Apart from the pictures, every line below is to be set down exactly.

*Source data:*
= Beginning of Section =
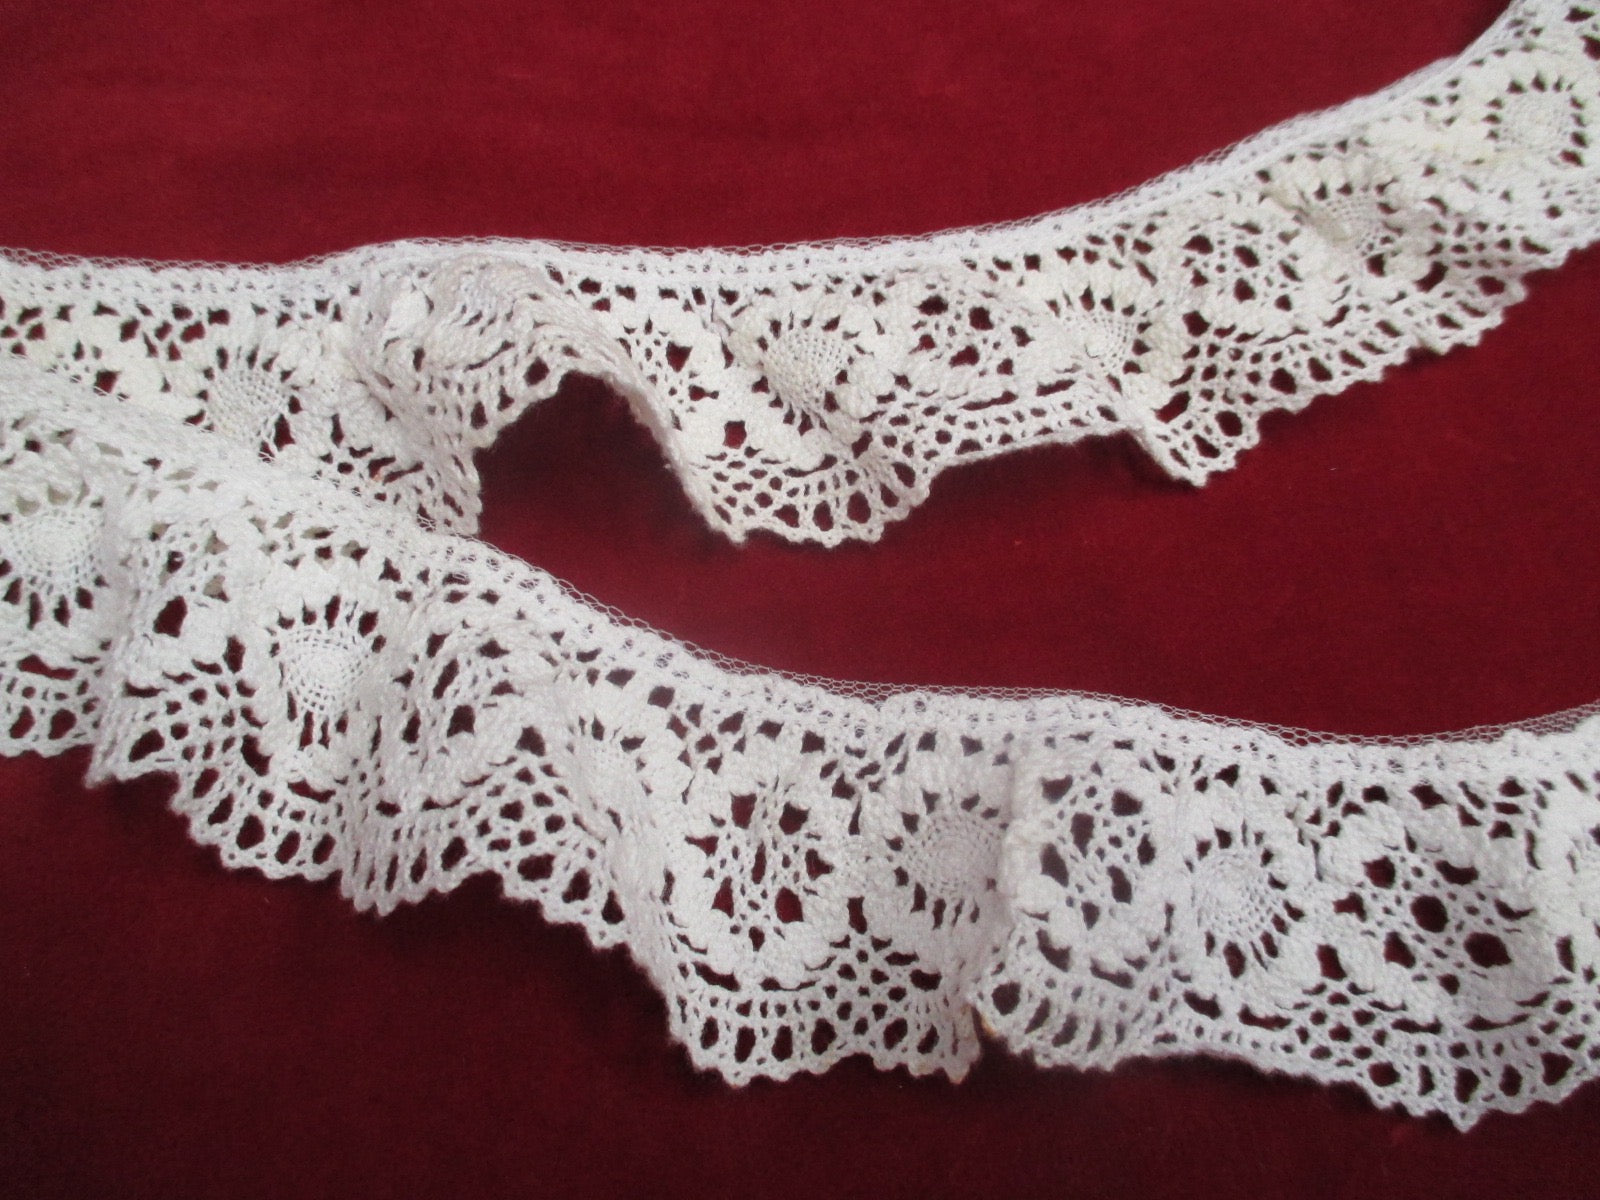 Antique Victorian Crochet lace piece
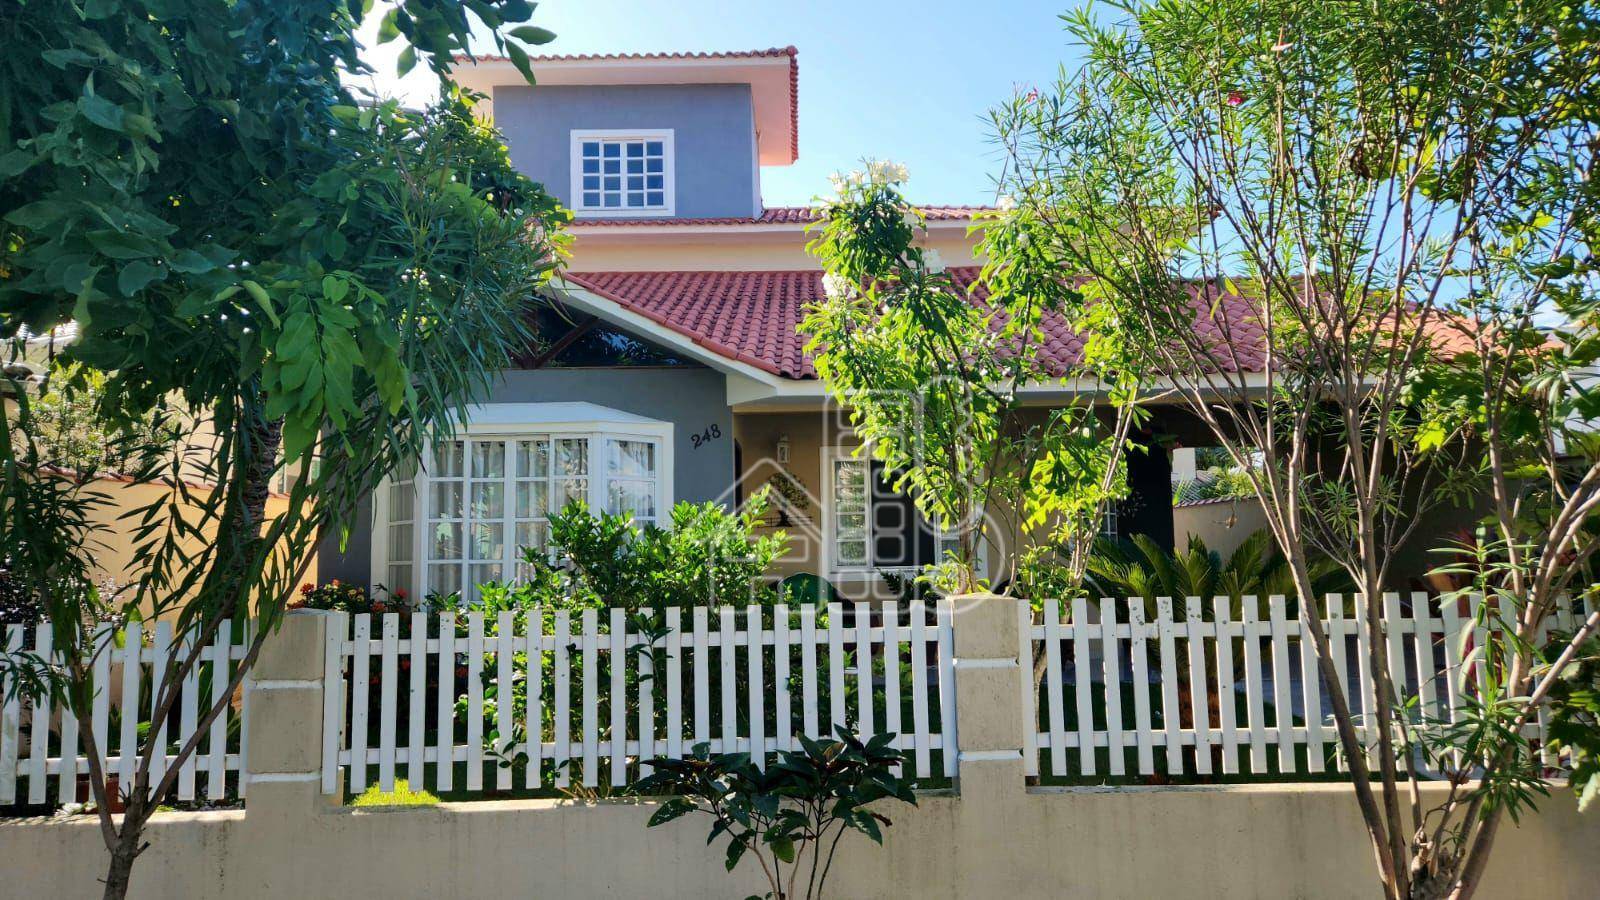 Casa com 4 dormitórios à venda, 258 m² por R$ 2.000.000,99 - São José do Imbassaí - Maricá/RJ
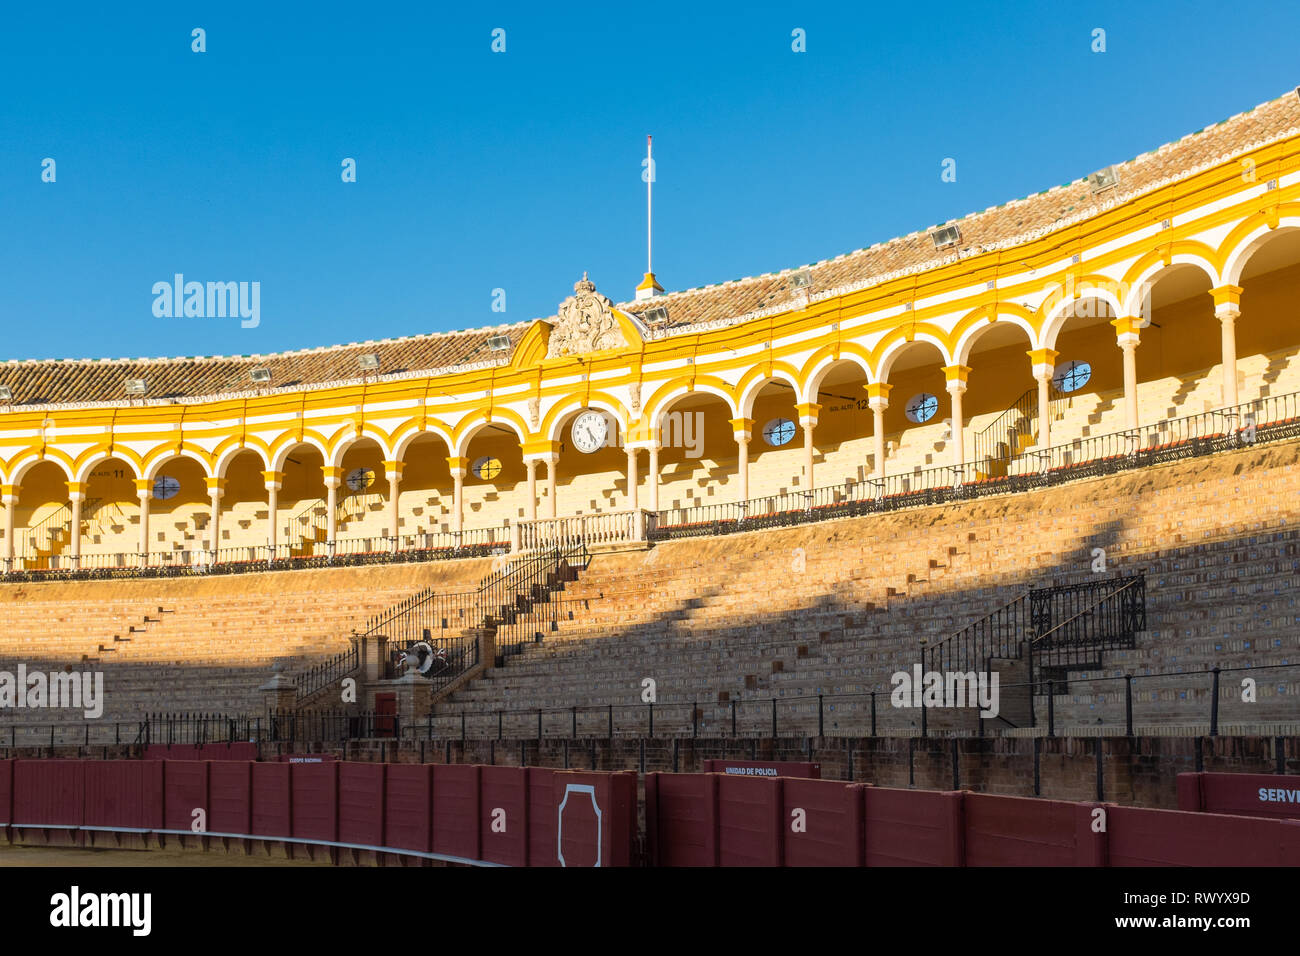 Plaza de toros de la Real Maestranza de caballería de Sevilla o Siviglia Bullring arena Foto Stock
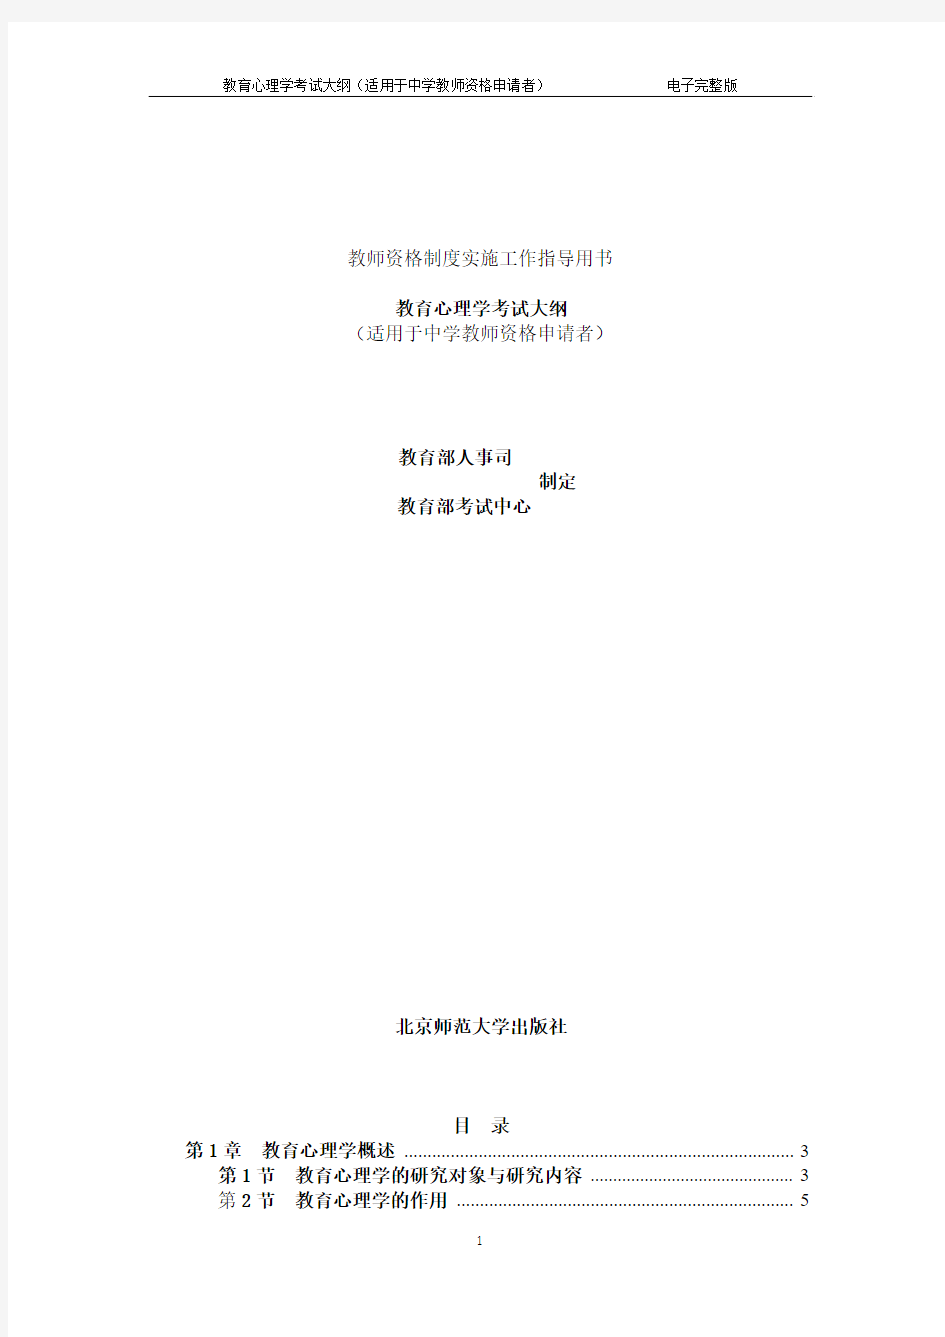 教育心理学考试大纲(中学)北京师范大学出版社电子完整版
= End of Section =
*Expected answer:*
 Antique Victorian Crochet lace piece
 Casa com 4 dormitórios à venda, 258 m² por R$ 2.000.000,99 - São José do Imbassaí - Maricá/RJ
 Plaza de toros de la Real Maestranza de caballería de Sevilla o Siviglia Bullring arena Foto Stock
 教育心理学考试大纲(中学)北京师范大学出版社电子完整版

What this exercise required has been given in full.